Pepe's break into the art world began with inclusion into a 1996 group exhibition of Boston area artists at Rose Art Museum and in "Gothic: Transmutations of Horror in Late 20th Century Art" at the Institute of Contemporary Art, Boston in 1997. Her more recent work can be exemplified by her installation "Mind the Gap," 2005, at the University of Massachusetts Amherst. "Mind the Gap" was a site-specific sculptural work responding to the architecture of the gallery where shoelaces and nautical toe-line were intertwined and webbed throughout the space. This work instigated a dialogue between domestic and industrial materials and responded to a 1982 installation "Boa" by Judy Pfaff in the same place. Her 2007 piece, Mr. Slit, plays with binary notions of gender in its depiction of a giant vagina made from crocheted shoelaces, rubber, and hardware scraps. In 2014, her piece Put Me Down Gently was included in the show Fiber: Sculpture 1960-Present at the Institute of Contemporary Art, Boston.

She has won awards including the School of the Museum of Fine Arts Traveling Scholarship, 1998, and the Louis Comfort Tiffany Foundation award, 2001. She has taught art in many school throughout Massachusetts, New York, and Virginia since 1985. She currently holds an administrative position at Pratt Institute in Brooklyn as the acting assistant dean of the school of fine arts.

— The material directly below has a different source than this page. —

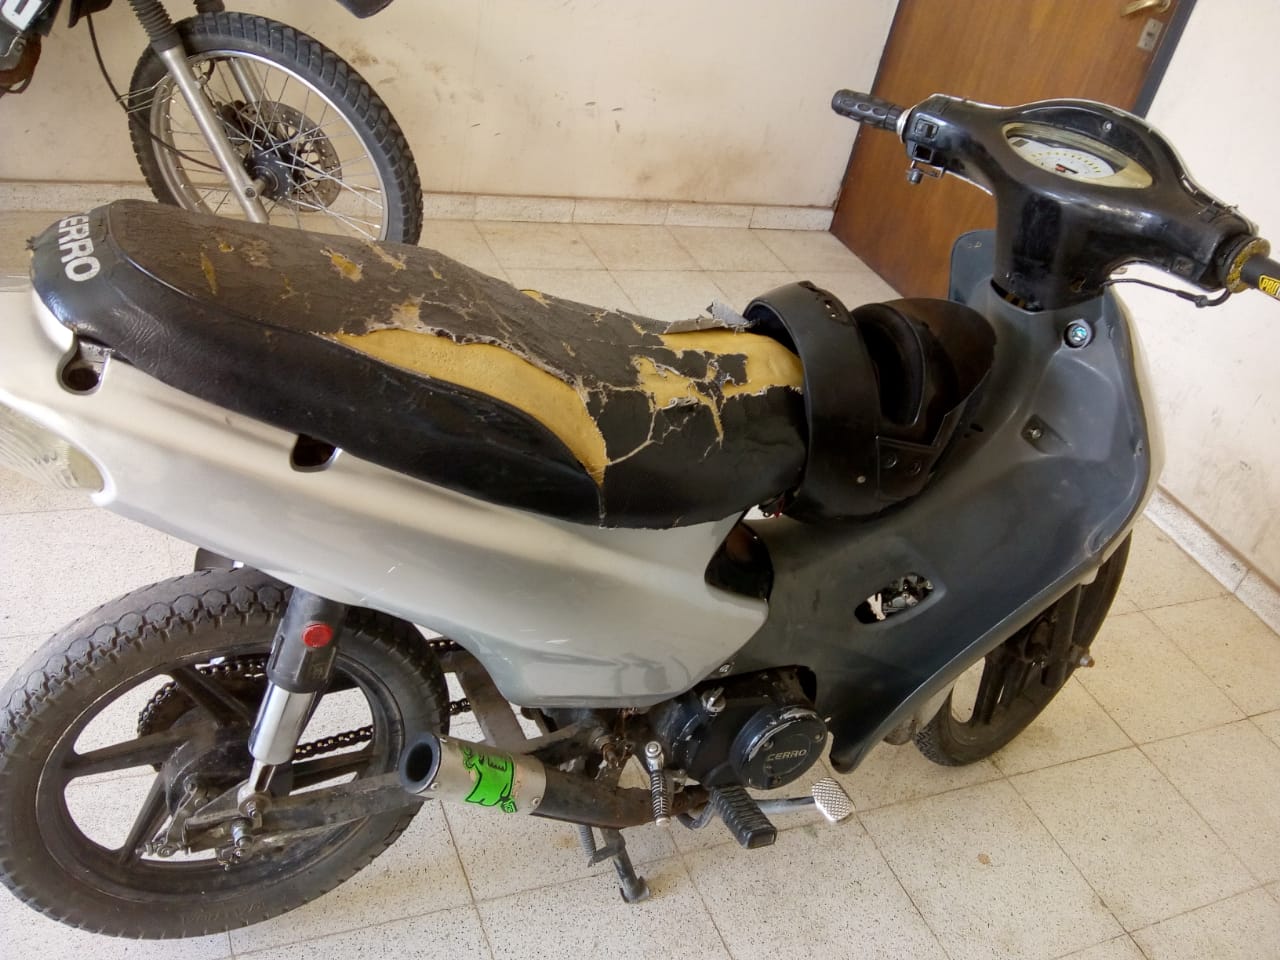 En menos de 24 horas, recuperaron una motocicleta robada durante un asalto.

Her works are held in public collections including the Fogg Art Museum of Harvard University and Goldman Sachs.

Pepe is one of 120 artists to be featured in the Metropolitan Museum's 2016 series "The Artist Project," a series of video essays in six seasons about works or installations at the Met museum.

In 2023, Pepe created her first outdoor exhibition, "My Neighbor’s Garden," which opened on June 26 in Madison Square Park in New York.

In 2024 Pepe was awarded the Rome Prize in Visual Art at the American Academy in Rome.